Robust Generalization despite Distribution Shift via Minimum Discriminating Information
Tobias Sutter, Andreas Krause, Daniel Kuhn

TL;DR
This paper proposes a framework combining prior structural knowledge and distributionally robust optimization to improve model generalization under distribution shifts, with applications in biased data classification and off-policy evaluation.
Contribution
It introduces a novel approach using minimum discriminating information and large deviation bounds to handle distribution shifts with limited data.
Findings
Explicit generalization bounds derived for shifted distributions
Effective in biased data classification scenarios
Applicable to off-policy evaluation in MDPs
Abstract
Training models that perform well under distribution shifts is a central challenge in machine learning. In this paper, we introduce a modeling framework where, in addition to training data, we have partial structural knowledge of the shifted test distribution.

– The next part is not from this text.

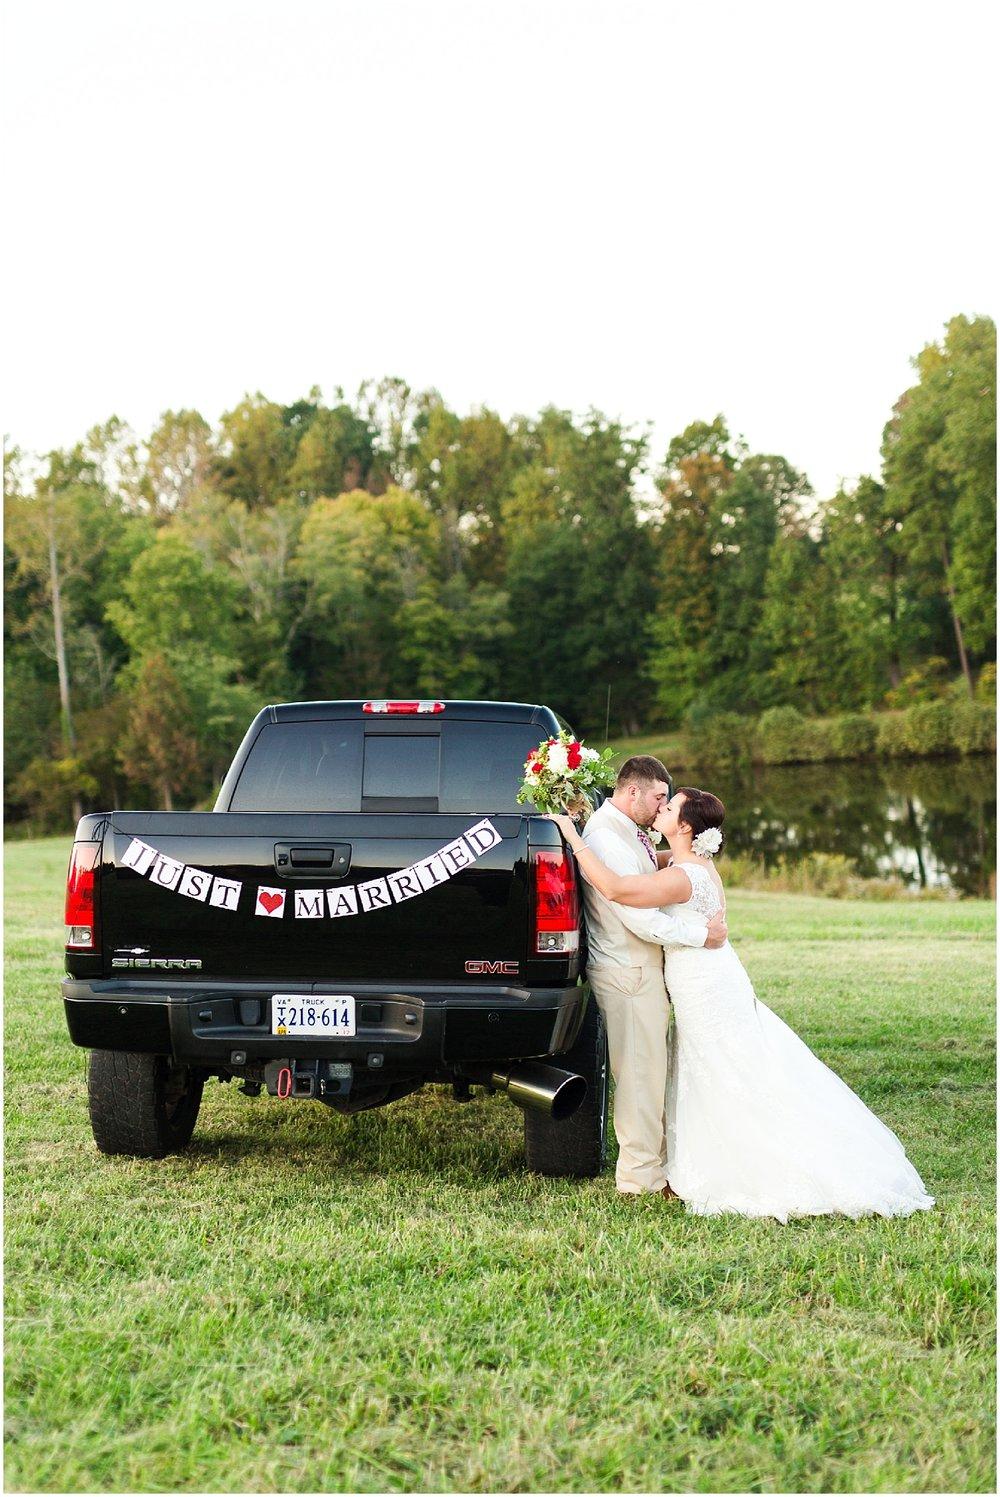 Rustic Country Wedding Virginia Photographer (46).jpg

We employ the principle of minimum discriminating information to embed the available prior knowledge, and use distributionally robust optimization to account for uncertainty due to the limited samples. By leveraging large deviation results, we obtain explicit generalization bounds with respect to the unknown shifted distribution. Lastly, we demonstrate the versatility of our framework by demonstrating it on two rather distinct applications: (1) training classifiers on systematically biased data and (2) off-policy evaluation in Markov Decision Processes.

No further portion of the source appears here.